**Exercise**
Everything in the data should be repeated exactly, save for the images.

**Data shown**
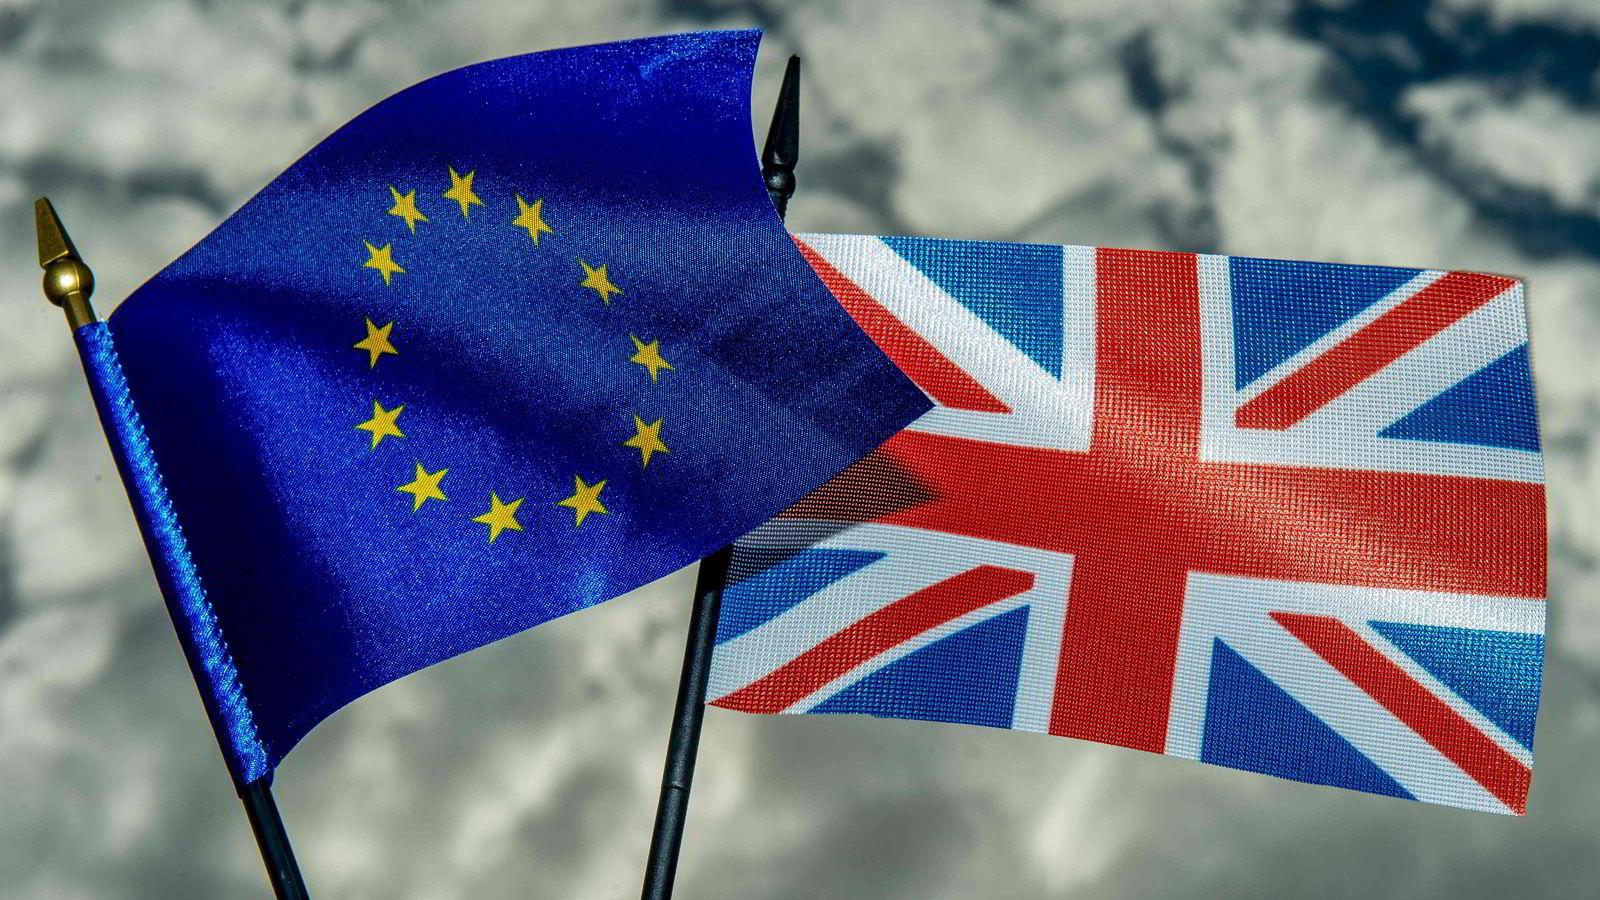 «Jeg er så trygg på at britene vil gjøre det rette og stemme for å bli i EU, at jeg vil vedde 1 million euro til veldedighet,» skriver Antanas Guoga i et brev til Farage. Foto:
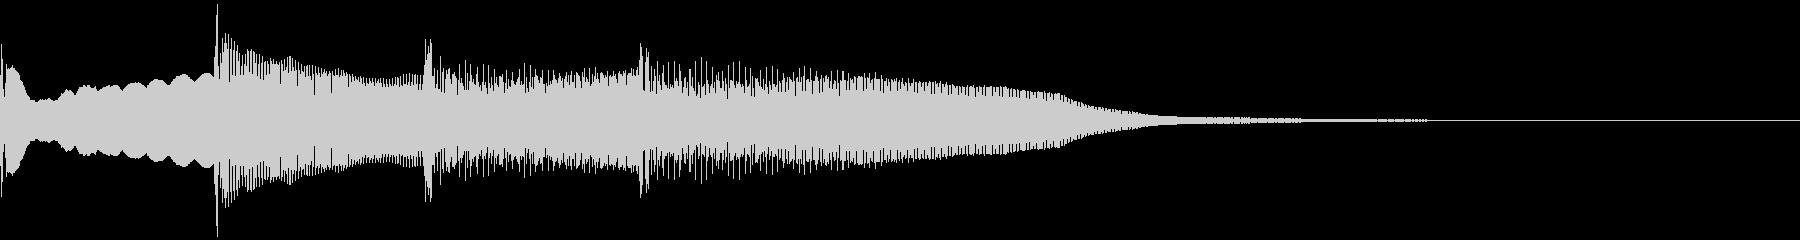 【放送】ピンポンパンポーン↓の未再生の波形
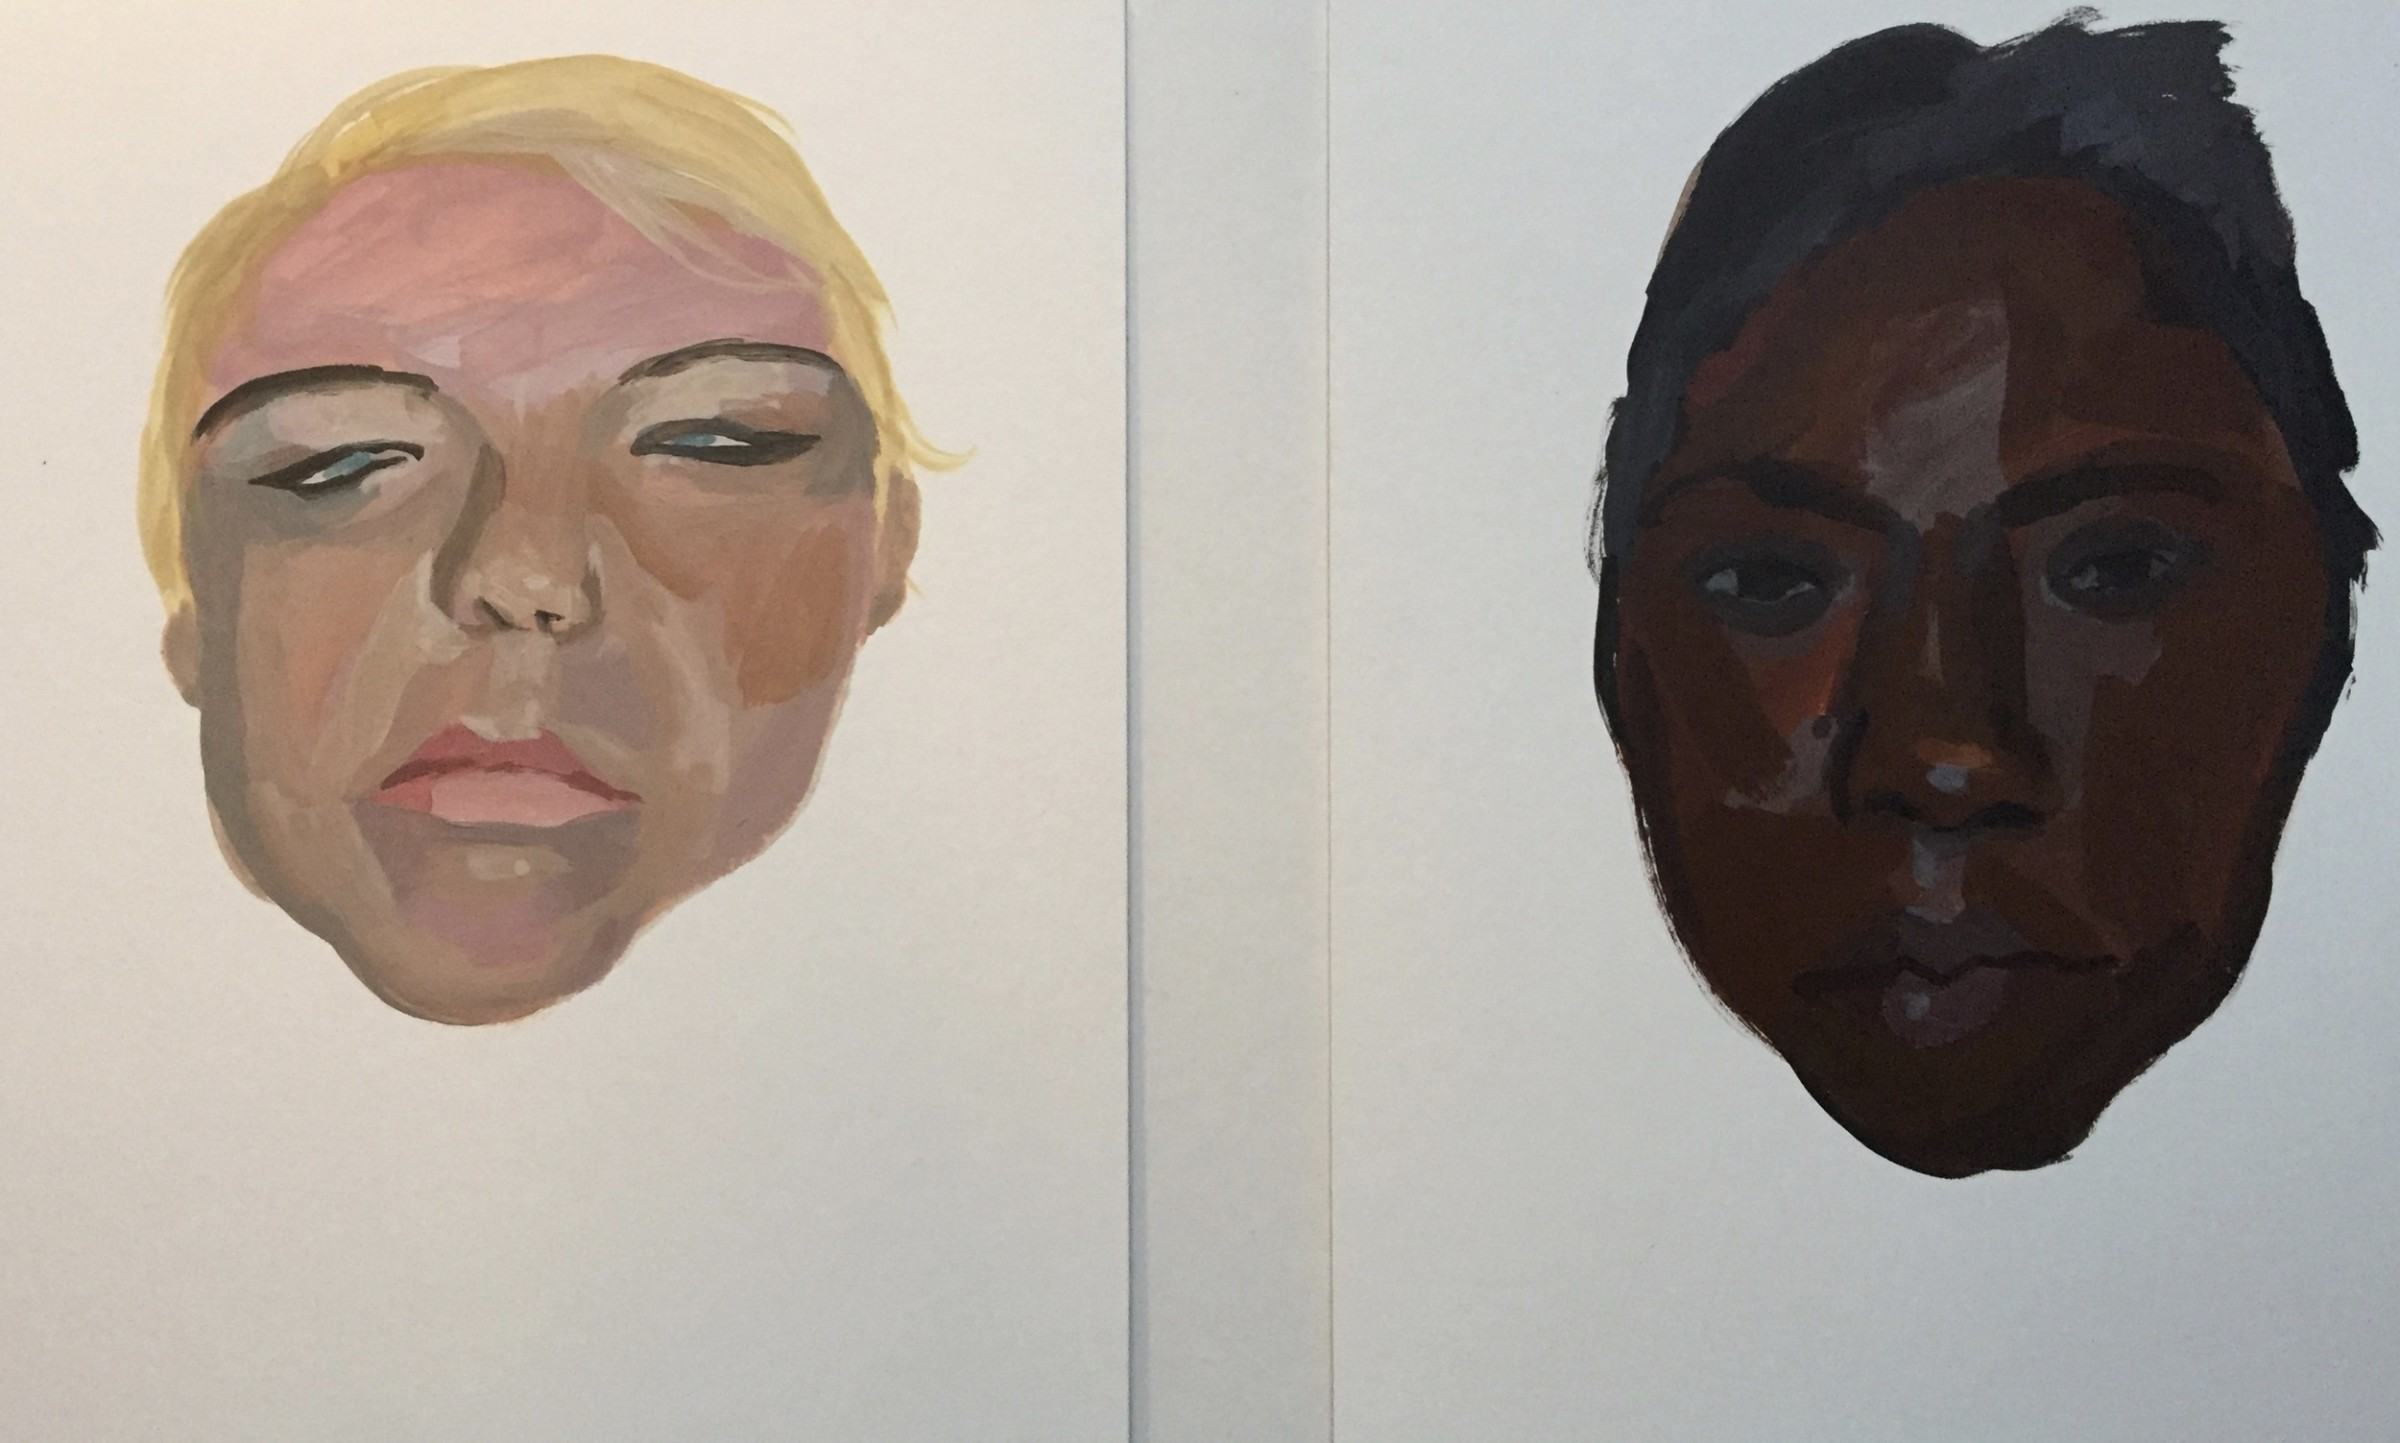 <span class=&#34;link fancybox-details-link&#34;><a href=&#34;/exhibitions/24/works/artworks_standalone10761/&#34;>View Detail Page</a></span><div class=&#34;artist&#34;><span class=&#34;artist&#34;><strong>Claire Parrish</strong></span></div><div class=&#34;title&#34;><em>Inmates of South Dakota Women's Prison</em></div><div class=&#34;medium&#34;>lascaux acrylic</div><div class=&#34;dimensions&#34;>50x35cm</div>

**Solution**
 «Jeg er så trygg på at britene vil gjøre det rette og stemme for å bli i EU, at jeg vil vedde 1 million euro til veldedighet,» skriver Antanas Guoga i et brev til Farage. Foto:
 【放送】ピンポンパンポーン↓の未再生の波形
 <span class=&#34;link fancybox-details-link&#34;><a href=&#34;/exhibitions/24/works/artworks_standalone10761/&#34;>View Detail Page</a></span><div class=&#34;artist&#34;><span class=&#34;artist&#34;><strong>Claire Parrish</strong></span></div><div class=&#34;title&#34;><em>Inmates of South Dakota Women's Prison</em></div><div class=&#34;medium&#34;>lascaux acrylic</div><div class=&#34;dimensions&#34;>50x35cm</div>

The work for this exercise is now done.